US trends are even better, but inequity still complicates. People of color are disproportionately affected, and a highly publicized 2010 CDC study suggests infection among heterosexuals living in inner-cities most depends on poverty; rates doubled among those living below the poverty line. The surveyed were not IV drug users, though they could have been more proximate to them. The CDC 2016 “Today’s HIV/AIDS Epidemic” fact sheet blurb about poverty as an exacerbating socioeconomic factor implies an additional reason: "Those who cannot afford the basics in life may end up in circumstances that increase their risk for HIV infection." (Emphasis mine.) Transactional sex.

Last Fall, Urban Institute and Feeding America released details of another highly publicized study, “Impossible Choices: Teens and Food Insecurity in America”. Focus group conversations with teens in ten communities across the country revealed, "Teens in all 10 communities talked about some young people 'selling their body' or using 'sex for money' to make ends meet. However, these themes were strongest in high-poverty communities."A young woman from Portland, OR, told researchers, “It’s really like selling yourself.

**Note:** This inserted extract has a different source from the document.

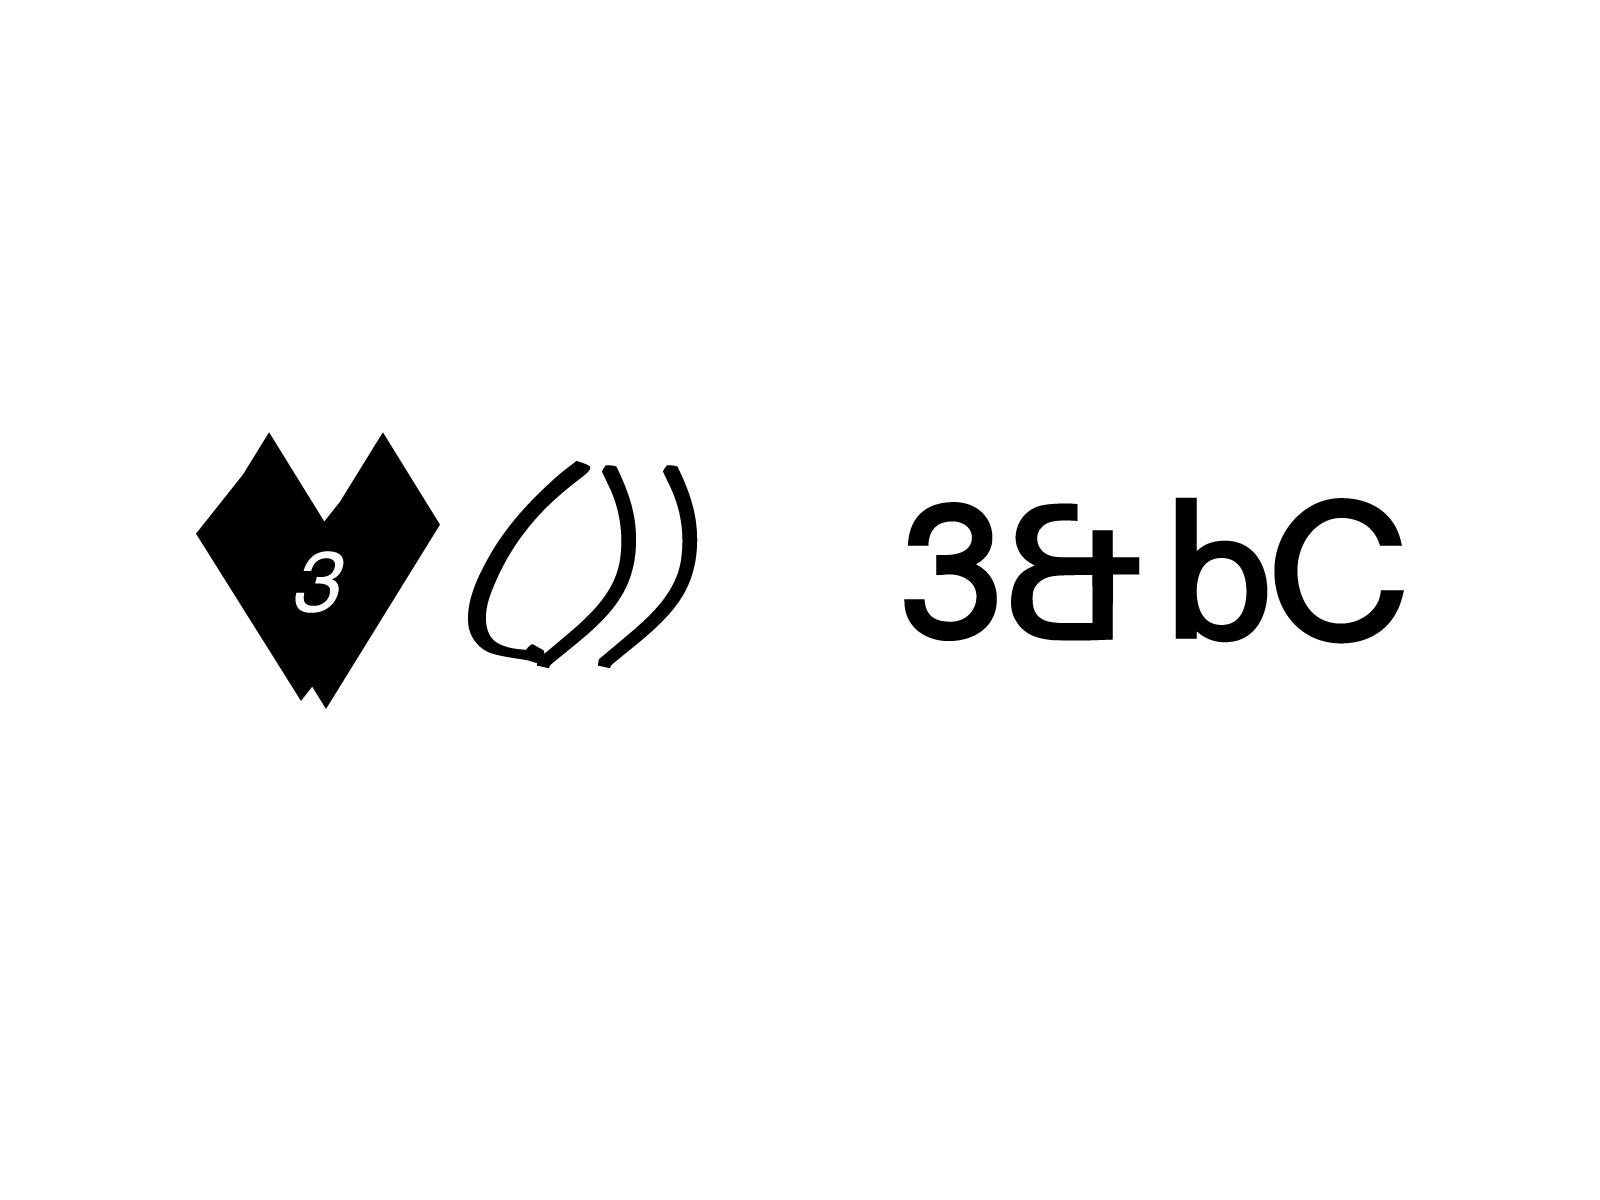 works_3&bC_logo_01

Like you’ll do whatever you need to do to get money or eat.”

I warned you.

Back in Africa…Having recognized systemic inequity as the barrier in the fight against HIV/AIDS, over the last decade PEPFAR (the United States Government’s President’s Emergency Plan for AIDS Relief), UNAIDS (the joint United Nations program on HIV/AIDS), and WFP (World Food Programme) have facilitated increased adoption of food and nutrition security policies within larger HIV and AIDS policies. Among the $2.2 billion in proposed budget cuts to our global world health program, President Trump proposes to cut PEPFAR (an agency begun by George W. Bush) funding by 17% with total cuts of $800 million to the HIV/AIDS global health program. One day ago, the (One) Campaign cited a Kaiser Family Foundation report projecting these cuts could result in nearly 300,000 deaths and more than 1.75 million new infections each year. Organizations everywhere, including the Gates Foundation, are ringing alarm bells; they see proposed cuts as a sign of US retreat from the global fight against AIDS.  

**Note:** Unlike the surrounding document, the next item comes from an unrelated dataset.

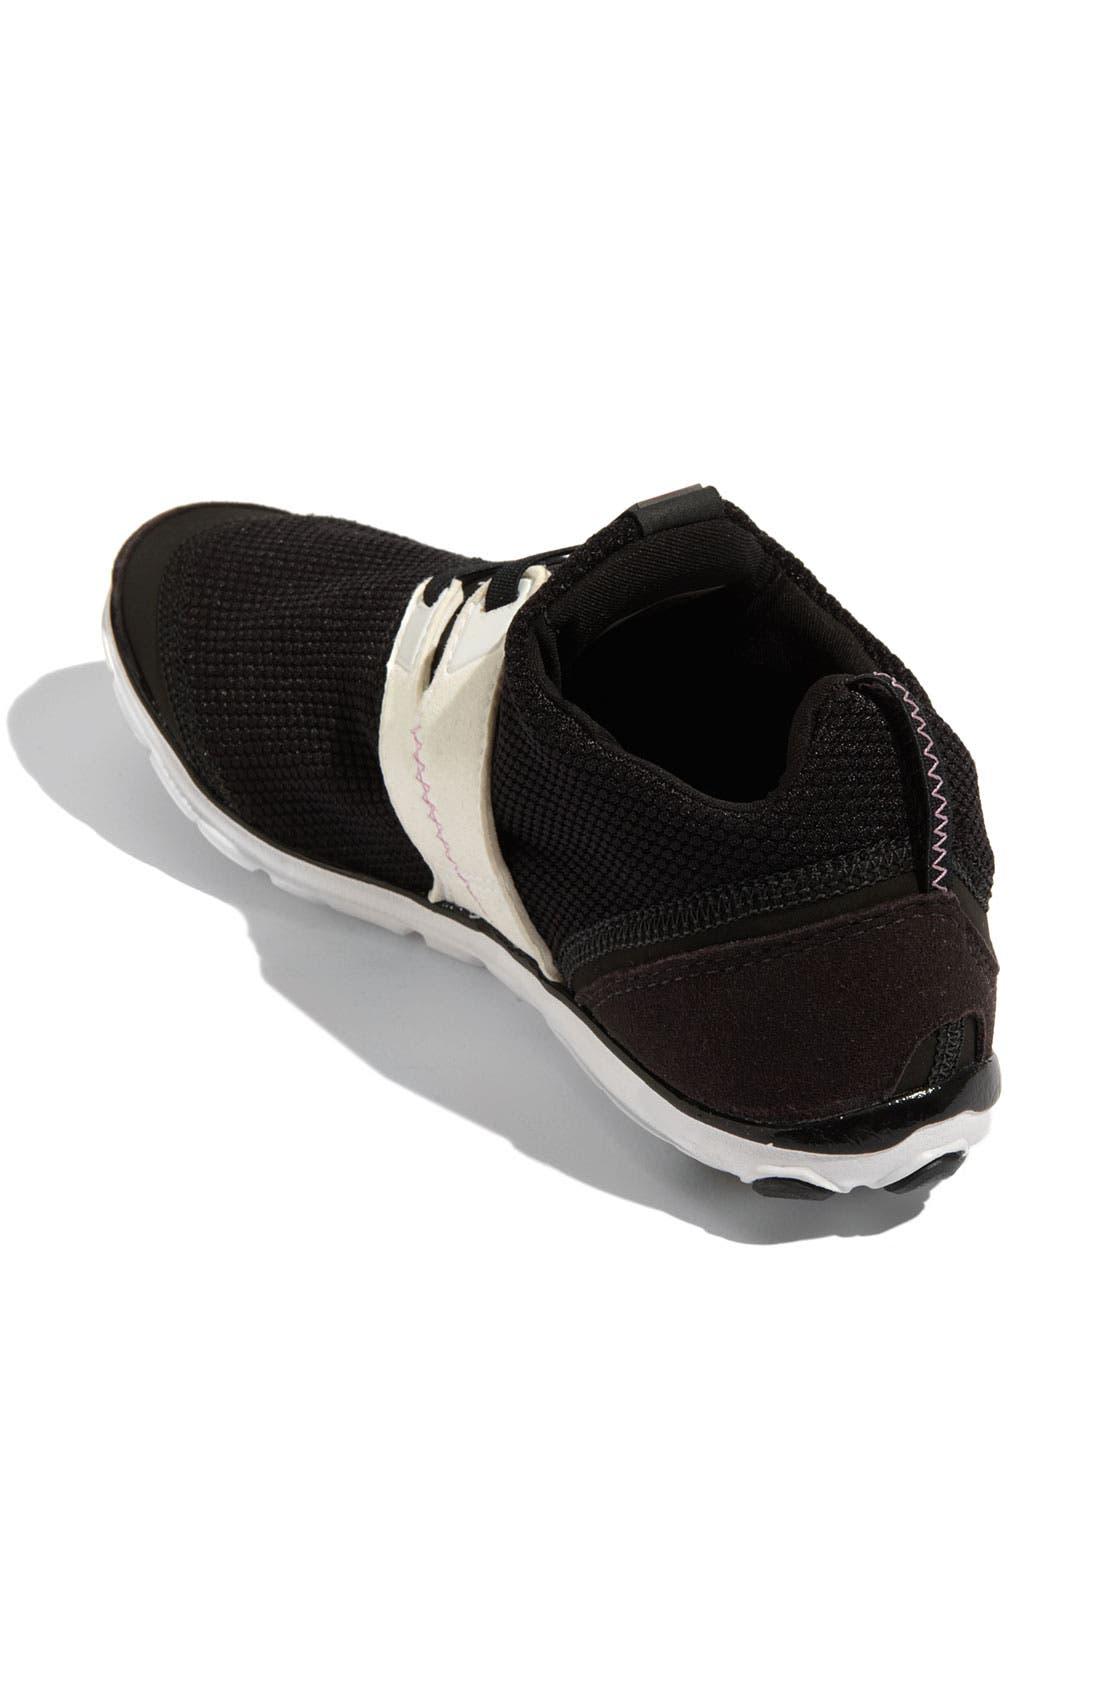 Alternate Image 2  - New Balance 'Minimus' Walking Shoe (Women)

Today, back in the US, the GOP is lining up votes for a tax bill analysts say will add $1 trillion to the deficit, and anti-hunger organizations are ringing their own alarm bells. It remains to be seen whether the bill will pass and if so, how lawmakers will balance the federal budget. What seems certain is withdrawal of funds for the global fight against HIV/AIDS will cause new infection rates to rise again after a decade of retreat, and withdrawal of funds to support hungry folks will mean more hungry folks. Some of those will do whatever they need to do to feed themselves and their families.